Her work Mayacamas, No. 6, March 12, 1963 (1963) is held by the Fine Arts Museum of San Francisco. It was inspired by the Mayacamas Mountains of Northern California. The Crocker Art Museum in Sacramento, California has a promised gift by Bing, a large oil-on-canvas titled Velázquez Family (1961).

In 2013, the documentary film The Worlds of Bernice Bing was co-produced by the Asian American Women Artists Association and Queer Women of Color Media Arts Project. It was produced and directed by Madeleine Lim and co-produced by Jennifer Banta Yoshida and T. Kebo Drew. In 2022–23, the Asian Art Museum hosted a show of her work.
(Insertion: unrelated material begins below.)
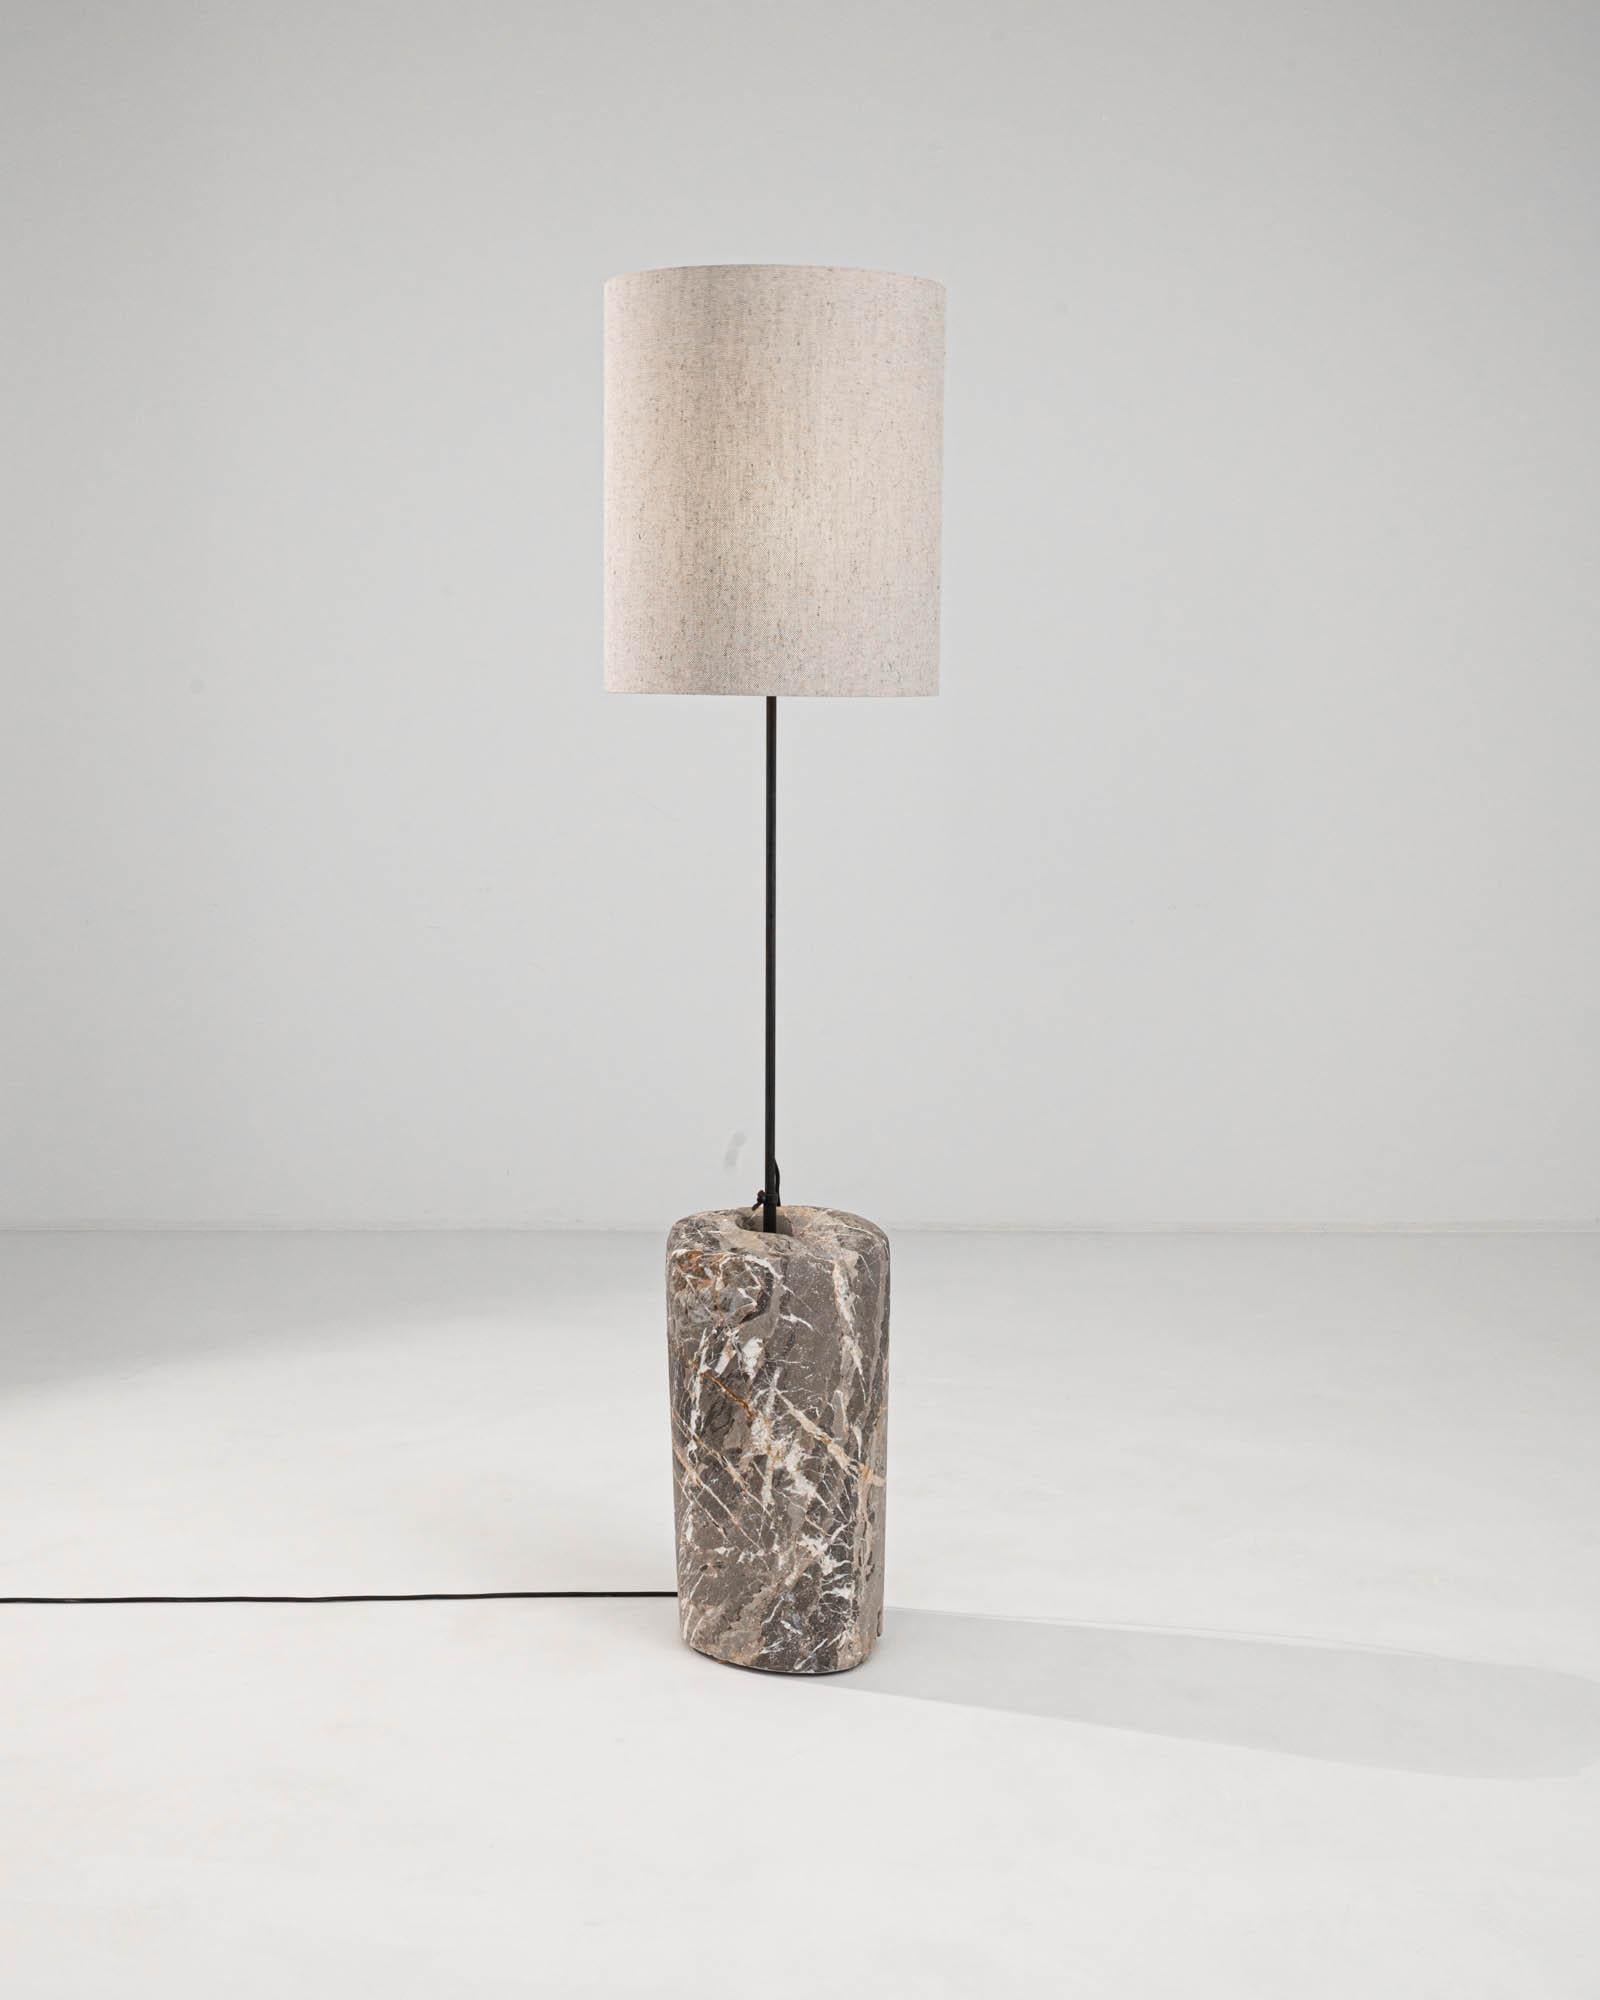 Illuminate your space with the timeless elegance of the 1900s European Marble & Metal Floor Lamp. A celebration of classic style and sophistication, this floor lamp features a genuine marble base, whose unique patterns and warm, earthy tones add an

In 2016 her biography was included in the exhibition catalogue Women of Abstract Expressionism organized by the Denver Art Museum. In 2023 her work was included in the exhibition Action, Gesture, Paint: Women Artists and Global Abstraction 1940-1970 at the Whitechapel Gallery in London. In 2024, Bing's work appeared in Bernice Bing: BINGO at Berry Campbell Gallery, which was her first solo show in New York.

Despite never reaching financial stability or fame during her lifetime, her work is considered as foundational to the development of Asian American painting.